Hysteresis Controllers

Last updated March 19, 2026


Hysteresis controllers — also called bang-bang controllers — are the right choice whenever your actuator can only be fully on or fully off. This includes relays, smart plugs, solenoid valves, and contactors. Unlike a PID controller, which produces a continuous output that varies between 0% and 100%, a hysteresis controller outputs a simple true/false signal: the device is either running or it is not.

LoopString includes two hysteresis controller parts: the generic Hysteresis (Bang-Bang) Controller for everyday on/off applications, and the HVAC Hysteresis Controller for air conditioners, heat pumps, refrigeration units, and any other equipment where compressor short-cycling can cause hardware damage.


Controller Selection Decision Tree

Before adding a controller to your project, answer these questions in order:

1. Can your actuator vary its output continuously?

If your actuator accepts a PWM signal, 0–10 V analog input, or a 4–20 mA signal, it can follow a variable output. Choose a PID Controller. Examples: variable-speed fan, chiller with analog control, servo valve.

If your actuator is binary — it is either on or off — continue to question 2. Examples: relay, smart plug, solenoid valve, contactor.

2. Are you controlling a compressor-based system?

If yes — air conditioner, heat pump, mini-split, refrigeration unit, chiller with a compressor — choose the HVAC Hysteresis Controller. Compressors must not be started and stopped rapidly; the minimum run time and minimum off time settings prevent this.

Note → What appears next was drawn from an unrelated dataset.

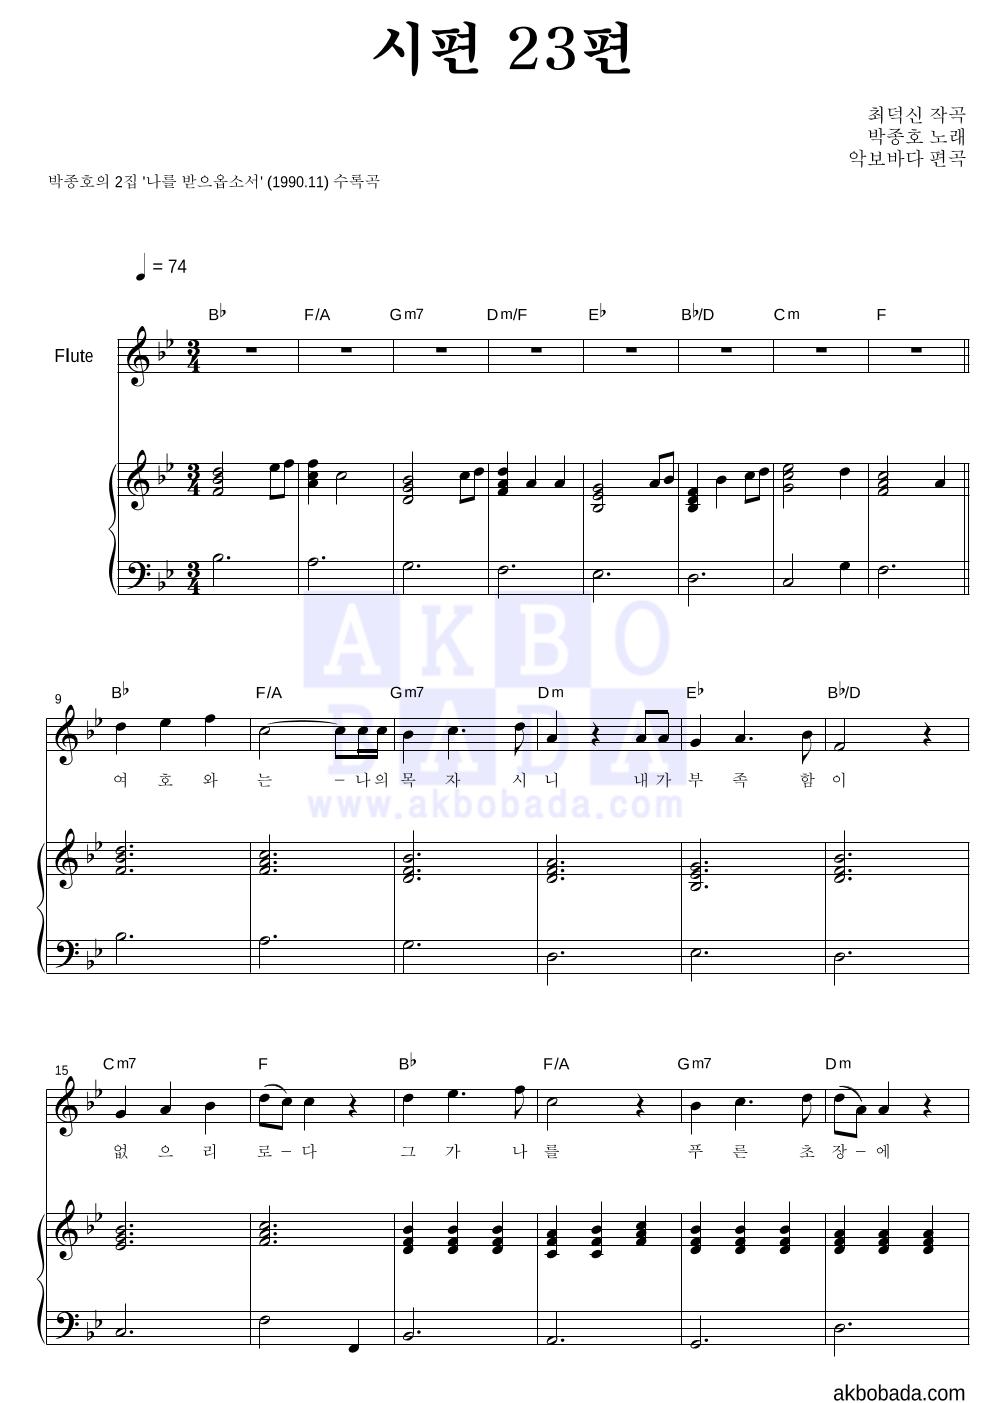 박종호 - 시편 23편 플룻&피아노 악보

If no — a simple heater, heat mat, reptile lamp, fan, solenoid irrigation valve, or relay-controlled device — choose the Hysteresis (Bang-Bang) Controller.

Quick reference:

  • Variable-speed fan or chiller → PID Controller
  • PWM heater element → PID Controller
  • Relay-controlled heater, heat mat, or lamp → Hysteresis (Bang-Bang) Controller
  • Simple on/off fan → Hysteresis (Bang-Bang) Controller
  • AC unit via Kasa smart plug → HVAC Hysteresis Controller
  • Heat pump or mini-split → HVAC Hysteresis Controller
  • Refrigeration or chest freezer → HVAC Hysteresis Controller

How Hysteresis Control Works

A hysteresis controller holds a target setpoint and a deadband — a tolerance zone on either side of that setpoint. The controller watches the sensor reading and switches the actuator based on which boundary is crossed.

In heating mode:

  • The actuator turns ON when the sensor reading drops below the setpoint minus the lower deadband.
  • The actuator turns OFF when the sensor reading rises above the setpoint plus the upper deadband.

In cooling mode (or when thinking of the output as "reduce the measured value"):

  • The actuator turns ON when the reading rises above the setpoint plus the upper deadband.
  • The actuator turns OFF when the reading drops below the setpoint minus the lower deadband.

The deadband is intentional. Without it, the controller would switch on and off constantly every time the sensor reading fluctuated by even a fraction of a degree — a condition called rapid cycling or chattering. The deadband creates a stable zone where the actuator does nothing, letting the reading drift slightly while keeping energy use and wear reasonable.

Oscillation within the deadband is completely normal. If your fermentation chamber cycles between 19.5 °C and 20.5 °C when your setpoint is 20 °C with a 0.5 °C deadband on each side, the controller is working correctly.


Hysteresis (Bang-Bang) Controller

This is the general-purpose version. Use it for fermentation temperature control, terrariums, reptile enclosures, incubators, simple HVAC fans, irrigation solenoids, and any other application where the actuator is a plain relay or smart plug and no compressor is involved.

Configuration Options

Setpoint The target value you want the controlled parameter to reach and hold. For temperature control this is in degrees; for humidity control this is in percent. Default is 20.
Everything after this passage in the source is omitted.